A MISPLACED BLOG BY A DISPLACED WRITER TYPING IN A CONFINED SPACE THE SIZE OF A MERE UNIVERSE. IF YOU ARE RUNNING AN AD-BLOCKER, YOU'LL MISS A FEW FEATURES LIKE THE FANTASTIC POLL. JUST SAYIN'.

Friday, 12 September 2014

WHAT'S THE WORST FUCKING BOOK I'VE READ?

And why?
   I've read all kinds of books and excuses for books. So what is the worst book I've read? We're talking about fiction. Specifically, we're talking about novels.
   You have to be really bad at short stories to fuck up a collection, so they get a free ride here.
   Novels. The rule is simple: I must read the whole book for the book to qualify as a candidate in this awful category.
   That's important.
   I try to read all the way through. When a book is so bad you should bomb the countryside surrounding the book, out to a range of five miles, you force yourself to the end. As often as you can.
   Some books you must give up on. Those deserve a category all to themselves. That category has no place here.
   So what's the worst fucking book I've read...so far? There's room yet to read books that are far worse. True, this is down to opinion. I am not here to name a book that's replete with poor research, shoddy typography, and so on.
   This is about reading a book and thinking...fuck no.
   I've read books that fell dead at my feet. Gone. They were unmemorable, and I'd be hard-pressed to name names. Even at the distance of a mere year.
   That happens. But...those books are excluded from this category. I'm talking about a novel that I remember for its awfulness. A book I forced myself to read from shaky start to fucking finish.
   You may like it. Take what you can from liking it and understand that others will hate the story.
   I read Brave New World, by Aldous Huxley. That was quite some time ago. I've read a lot of stuff since then. Nothing comes close. It's still the worst fucking book I've read.
   You will have to go a long way to surpass that one. Boring, patchy, far from engaging, with a rubbish finish. There. I ruined it for you. Or maybe Aldous Huxley did that.
   The story felt lumpy. I saw no characters there. True, this world is supposed to be filled with purpose-built clone types and you would expect a lack of character to be a theme.

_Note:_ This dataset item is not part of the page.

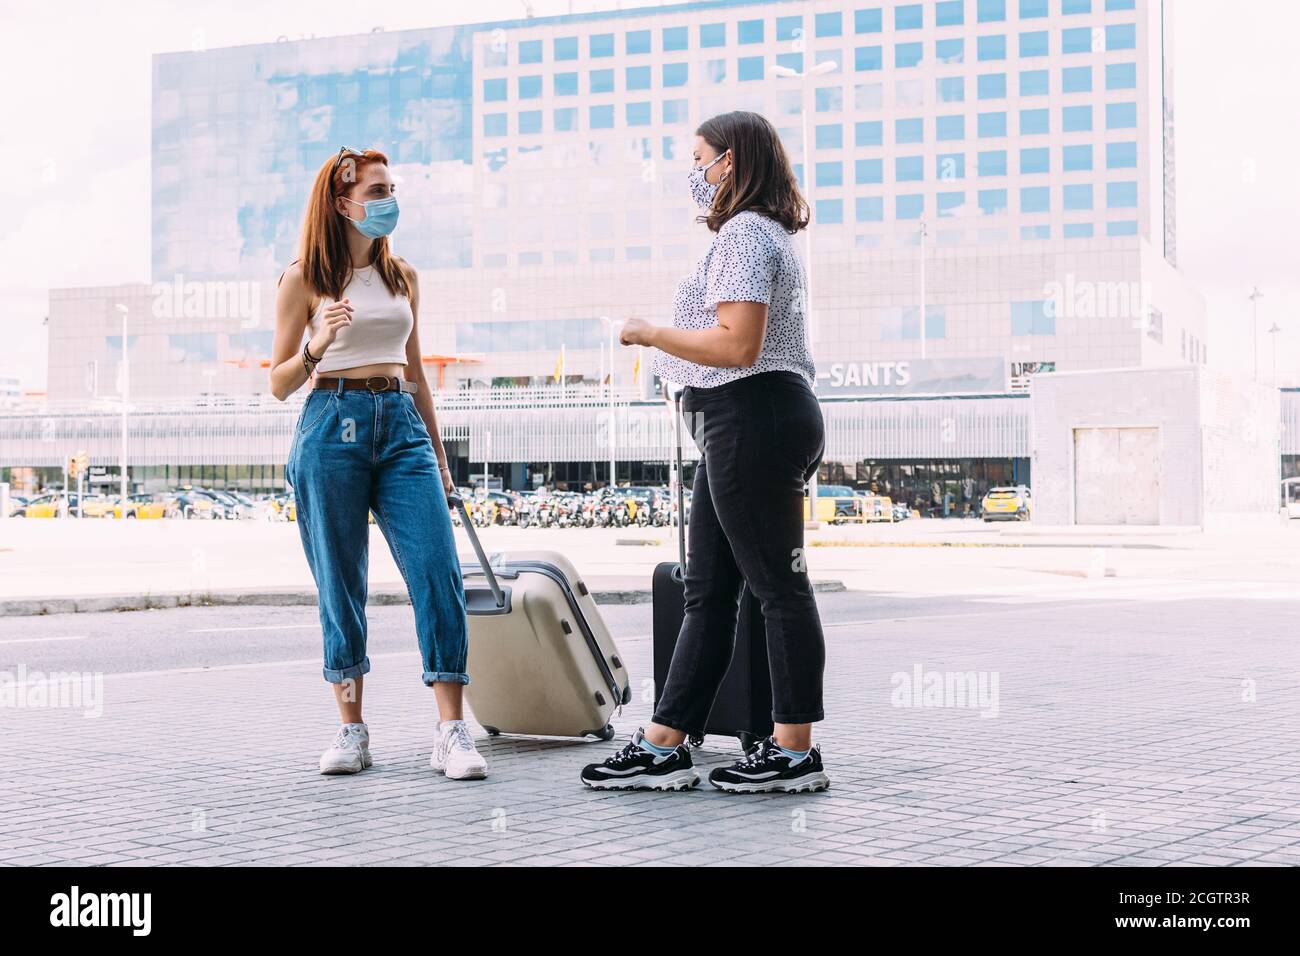 two tourists wearing face masks converse while keeping a safe distance due to covid-19 Stock Photo
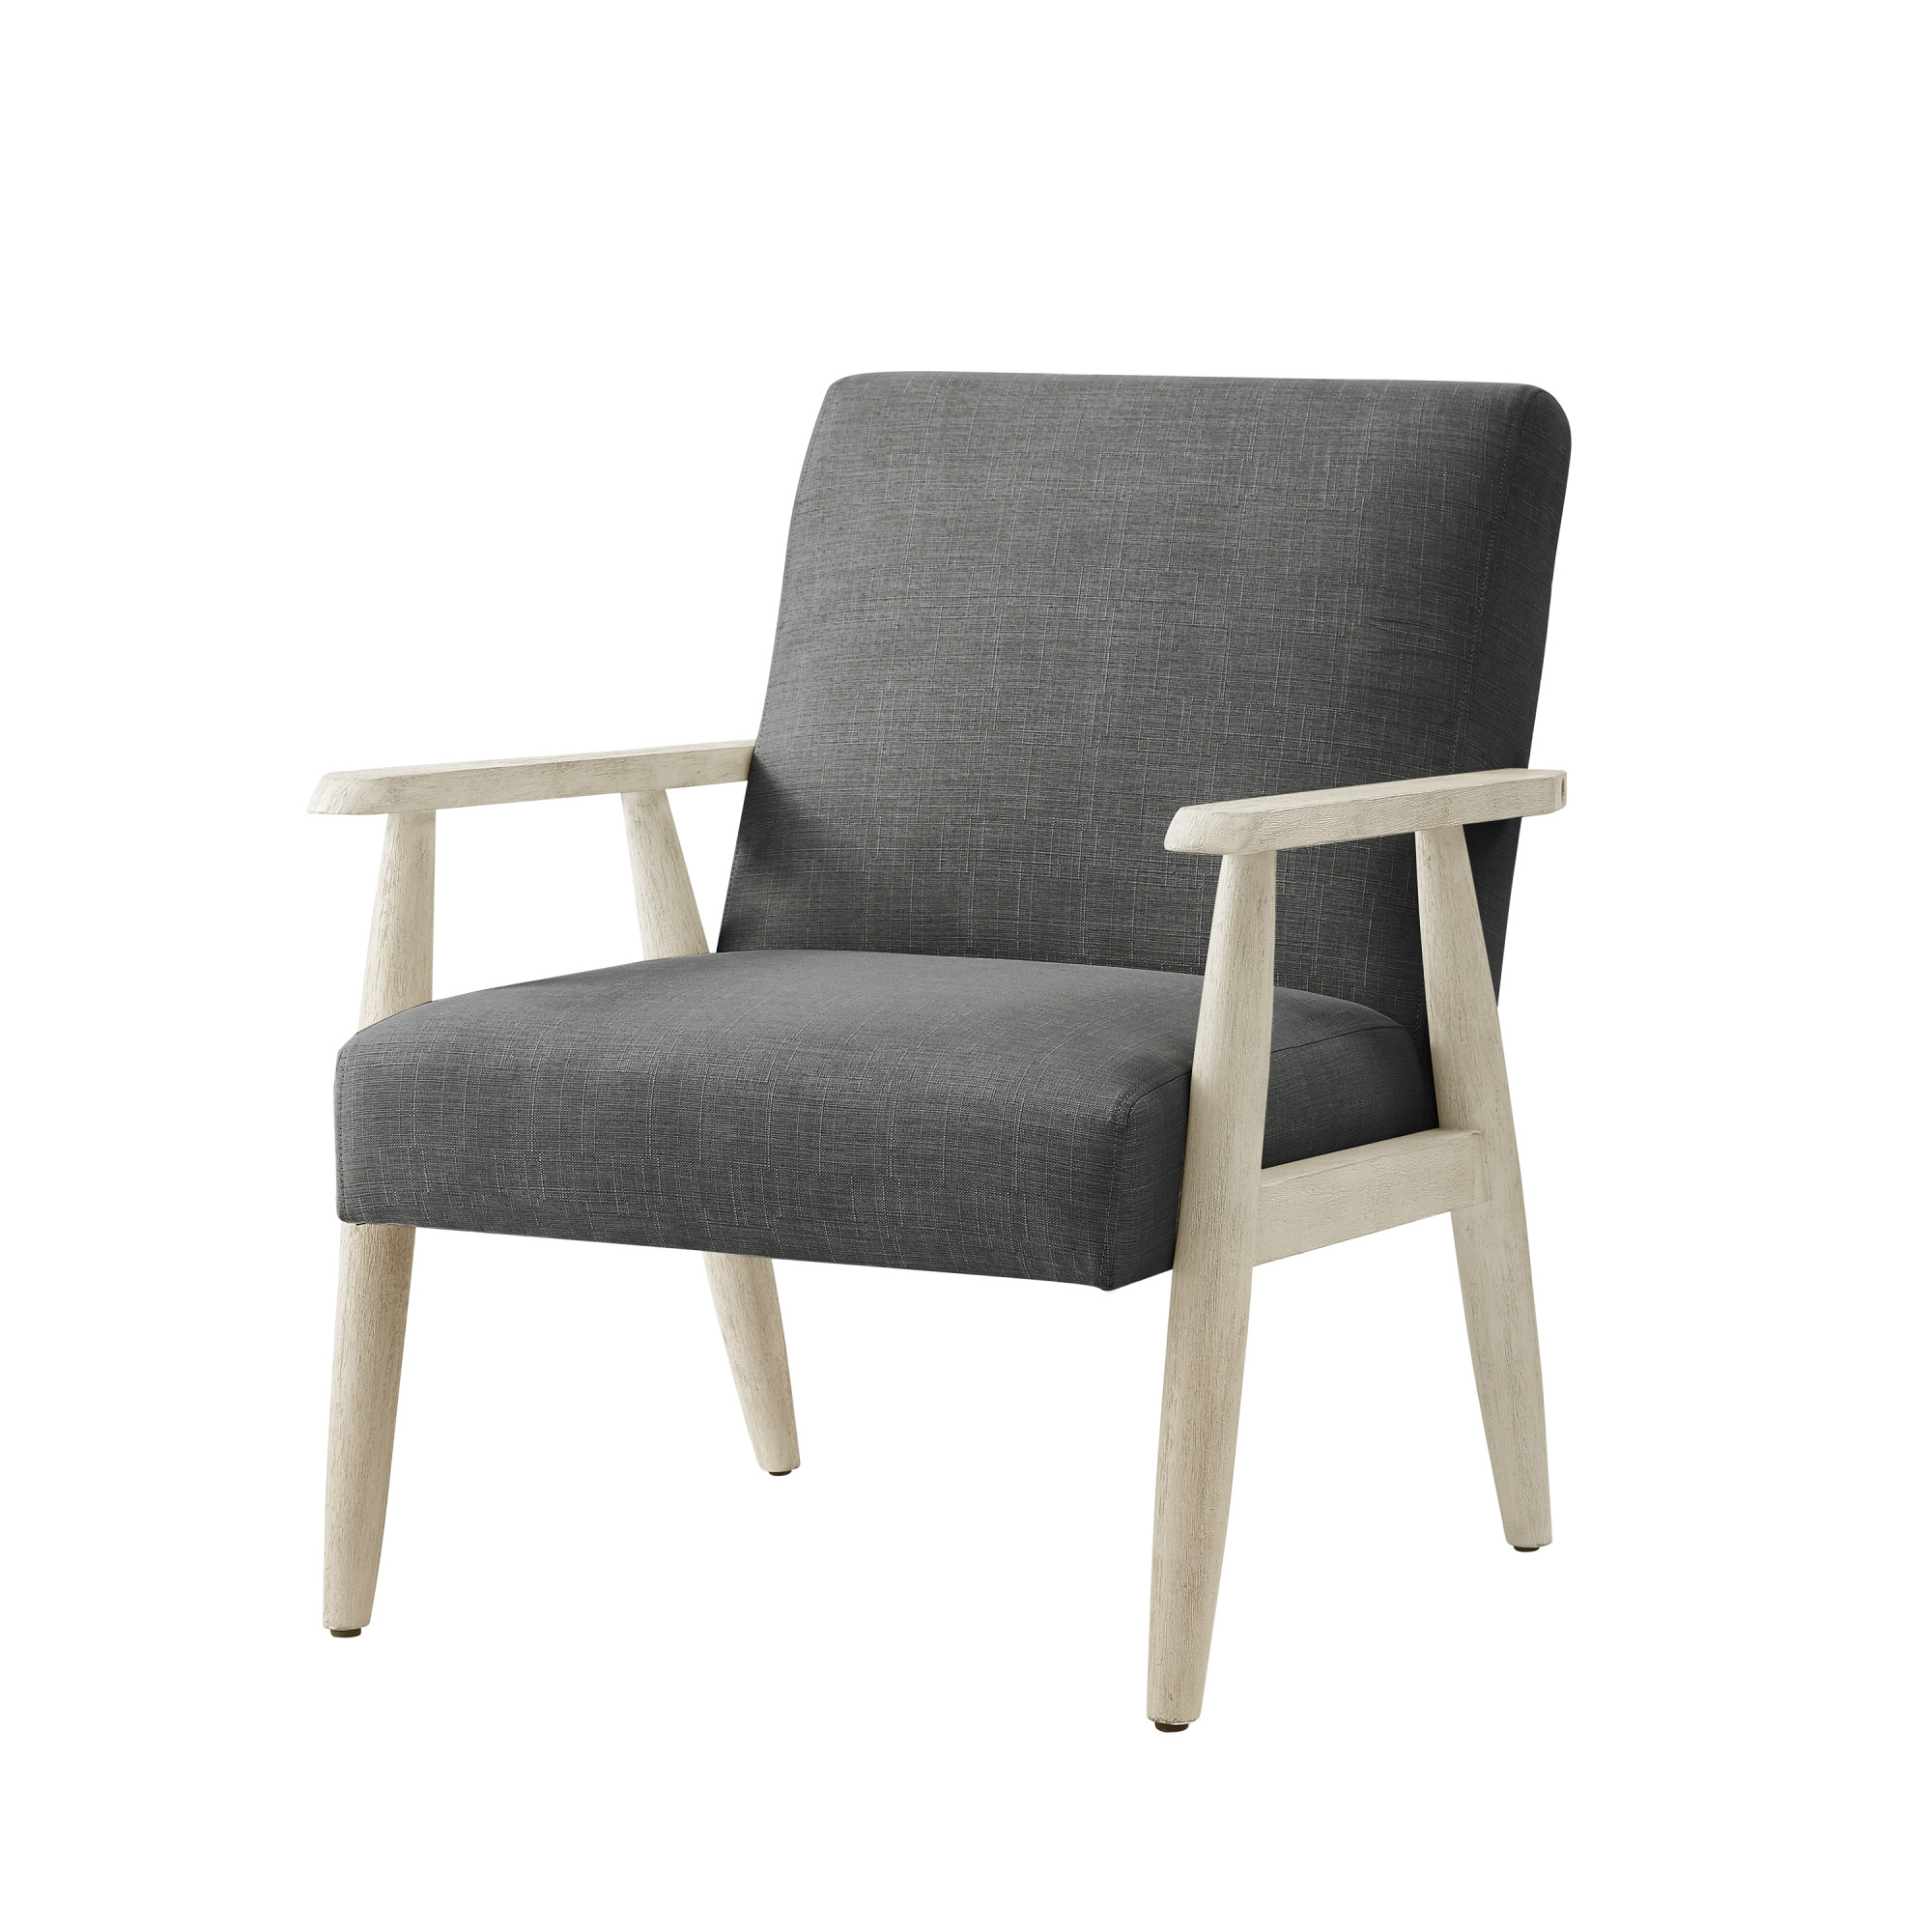 30" Charcoal And Cream Linen Arm Chair-533960-1

But that's rough-going.
   That book didn't just bore me, or annoy me. It screamed, and whimpered, about how crap it was.
   Sitting down to write this blog post, I wondered how long the book was. I remember reading it quickly, and thinking it wasn't really that long.
   Checking the stats now, I see the book is 64,531 words long. Wow. Why so specific? It turns out that the average length of a novel is 64,000 words, and Huxley's boring book lands right there.
   It isn't sustainable to the level of 75,000 words, where you'll find meat on a novel.
   I will curtail this rant. Brave New World was in a class of its own. Plenty of people rave about it. I am not one of those people. So the class I drop it into is well below the salt.